# [PROBLEM]
Please repeat the entire listing verbatim and keep the pictures out.

# [COLLECTED MATERIAL]
◆ ◆ ◆ ◆ ◆

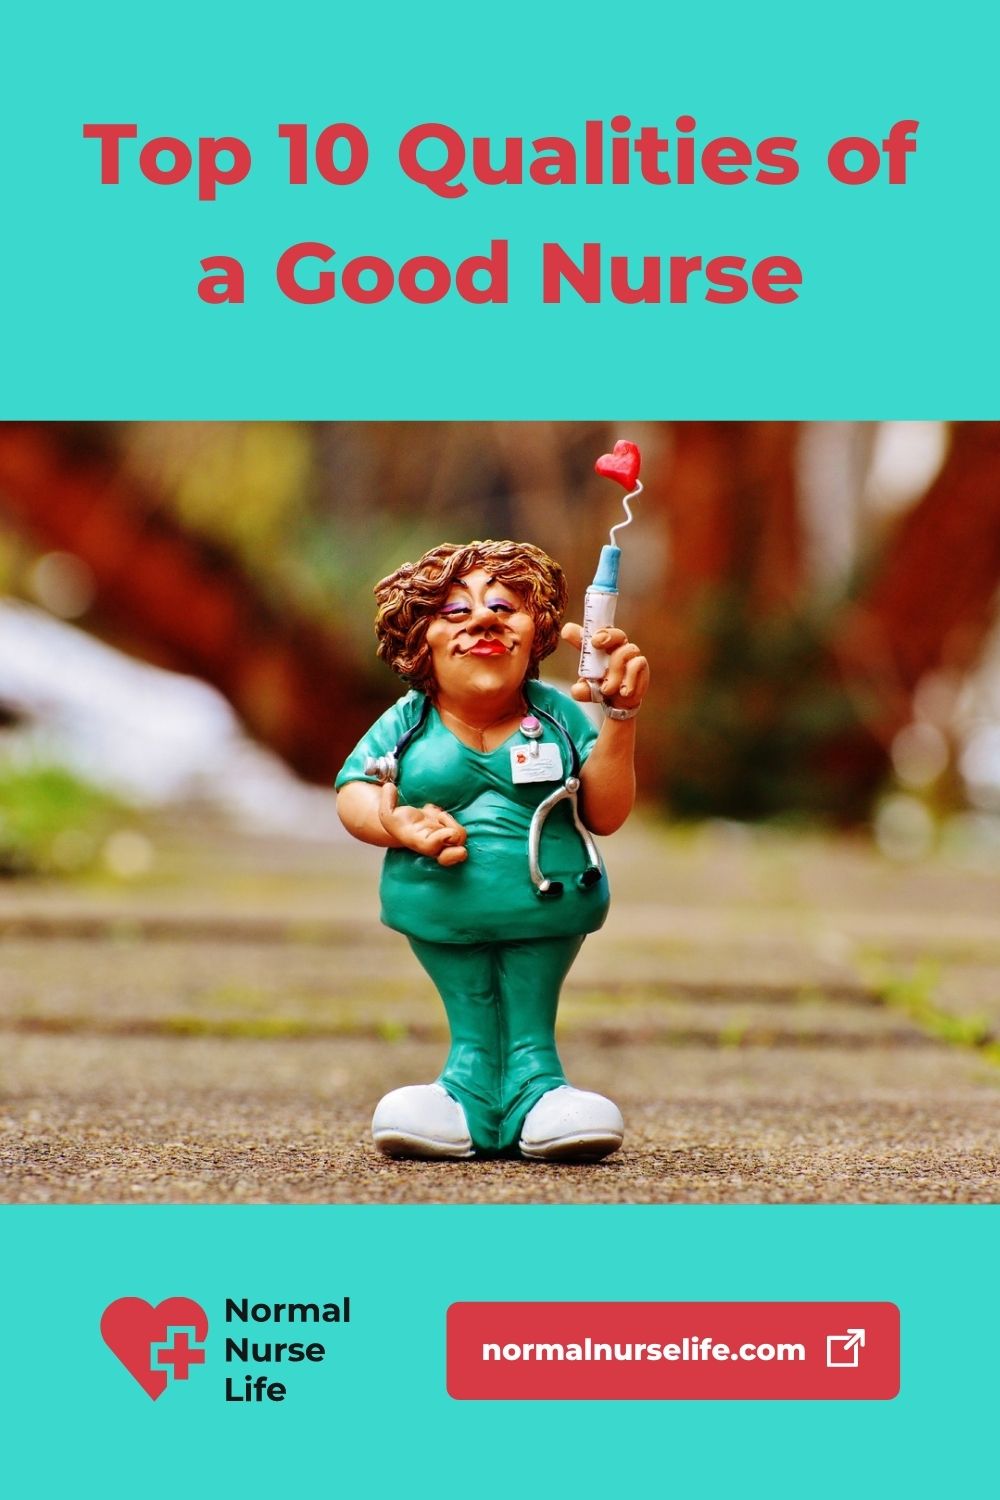 Top 10 qualities of a good nurse
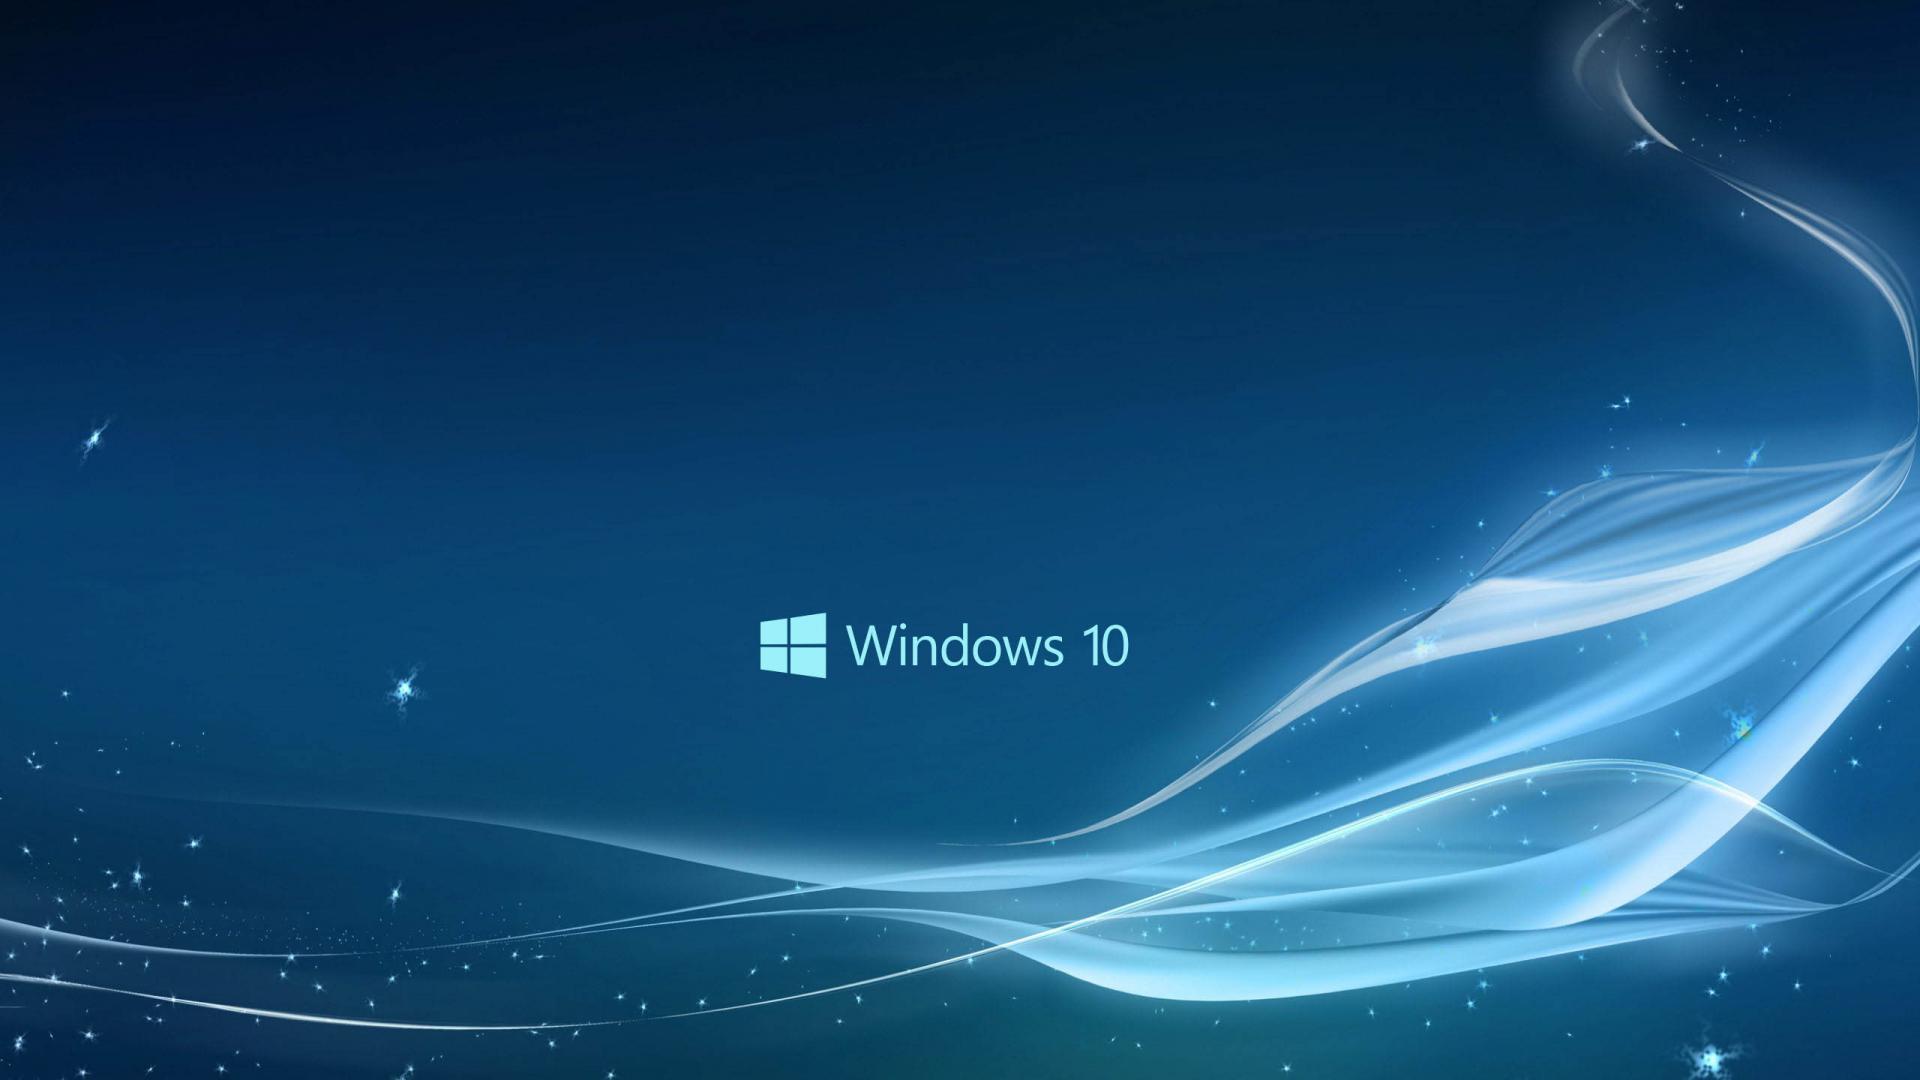 Free Windows 10 Hd Wallpaper Downloads 100 Windows 10 Hd Wallpapers for  FREE  Wallpaperscom
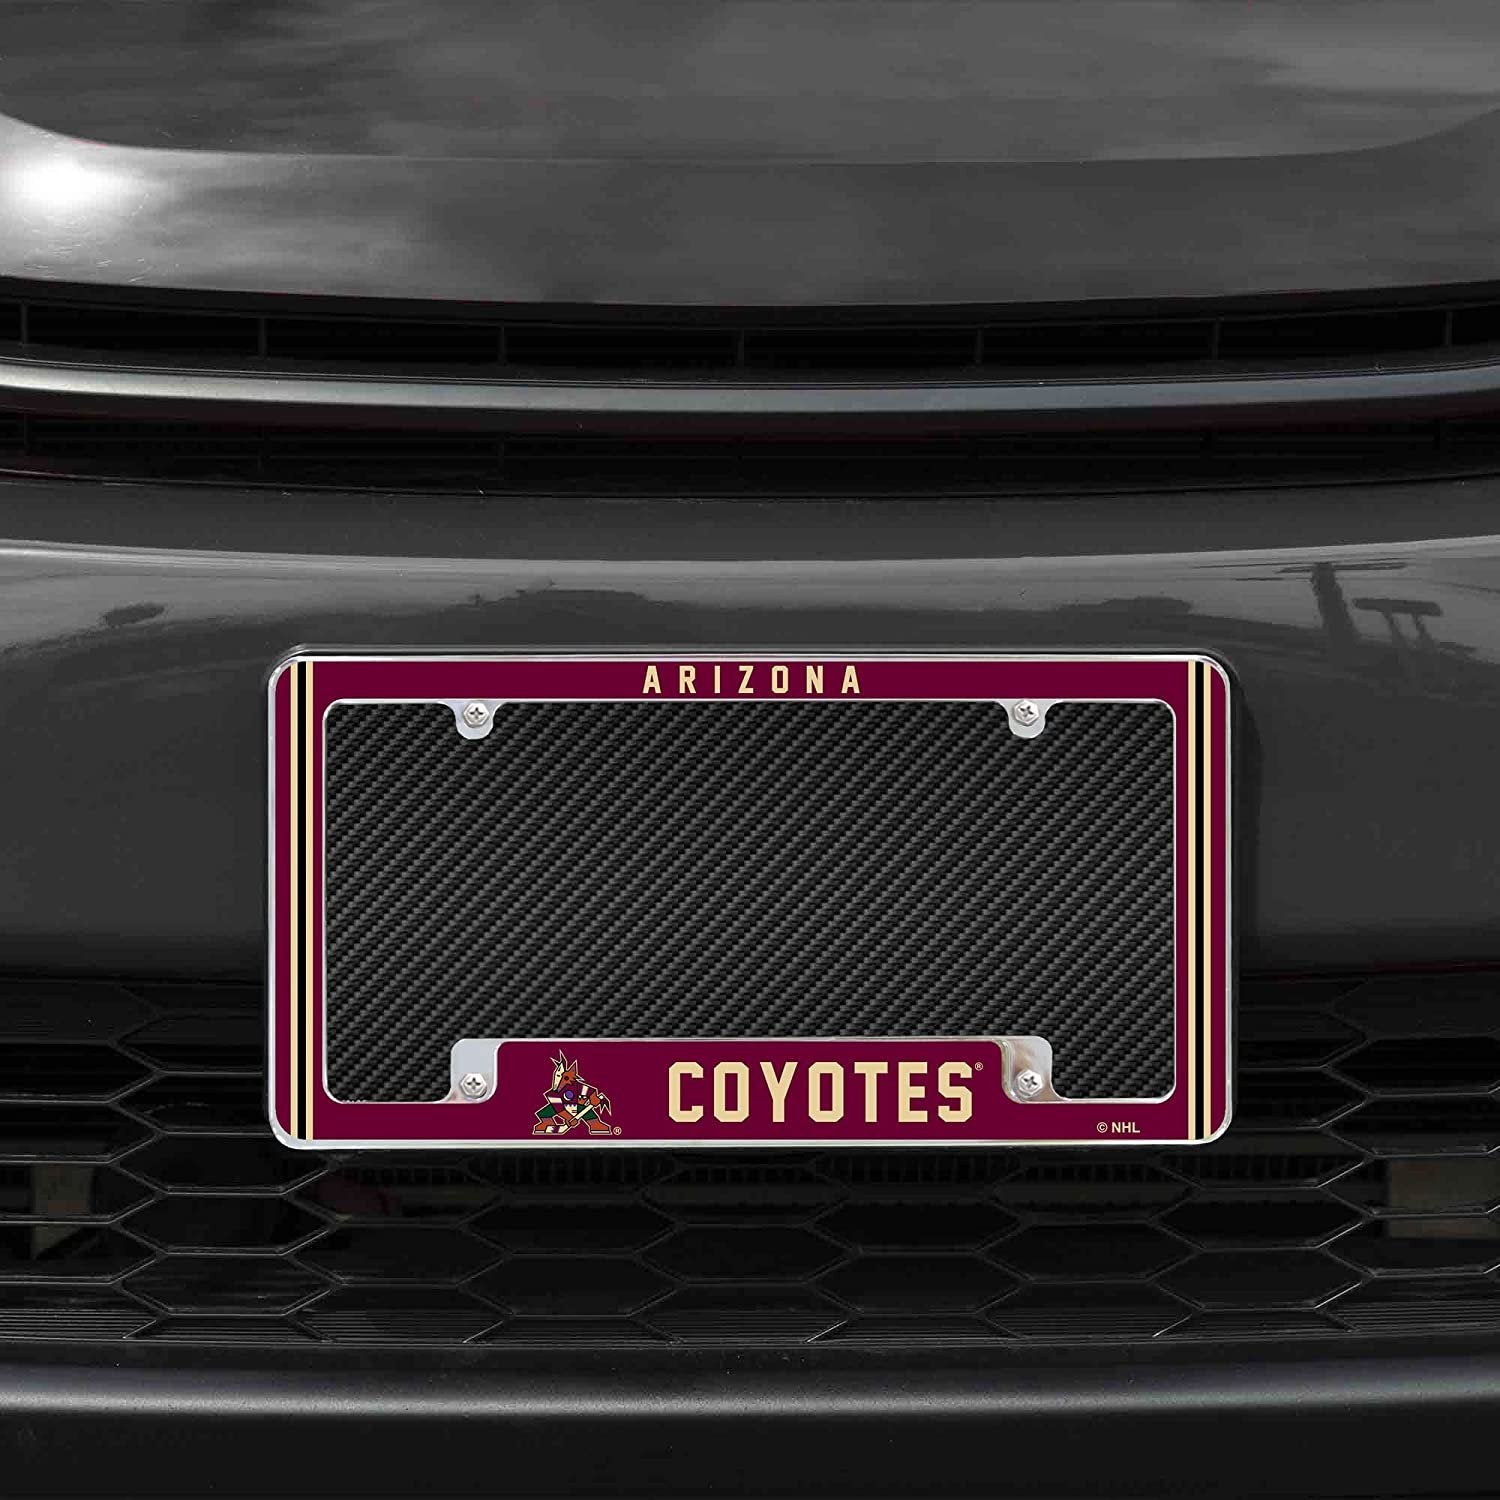 Arizona Coyotes Metal License Plate Frame Chrome Tag Cover Alternate Design 6x12 Inch

◆ ◆ ◆ ◆ ◆

# [OUTPUT OF THE TASK]
 Top 10 qualities of a good nurse
 Free Windows 10 Hd Wallpaper Downloads 100 Windows 10 Hd Wallpapers for  FREE  Wallpaperscom
 Arizona Coyotes Metal License Plate Frame Chrome Tag Cover Alternate Design 6x12 Inch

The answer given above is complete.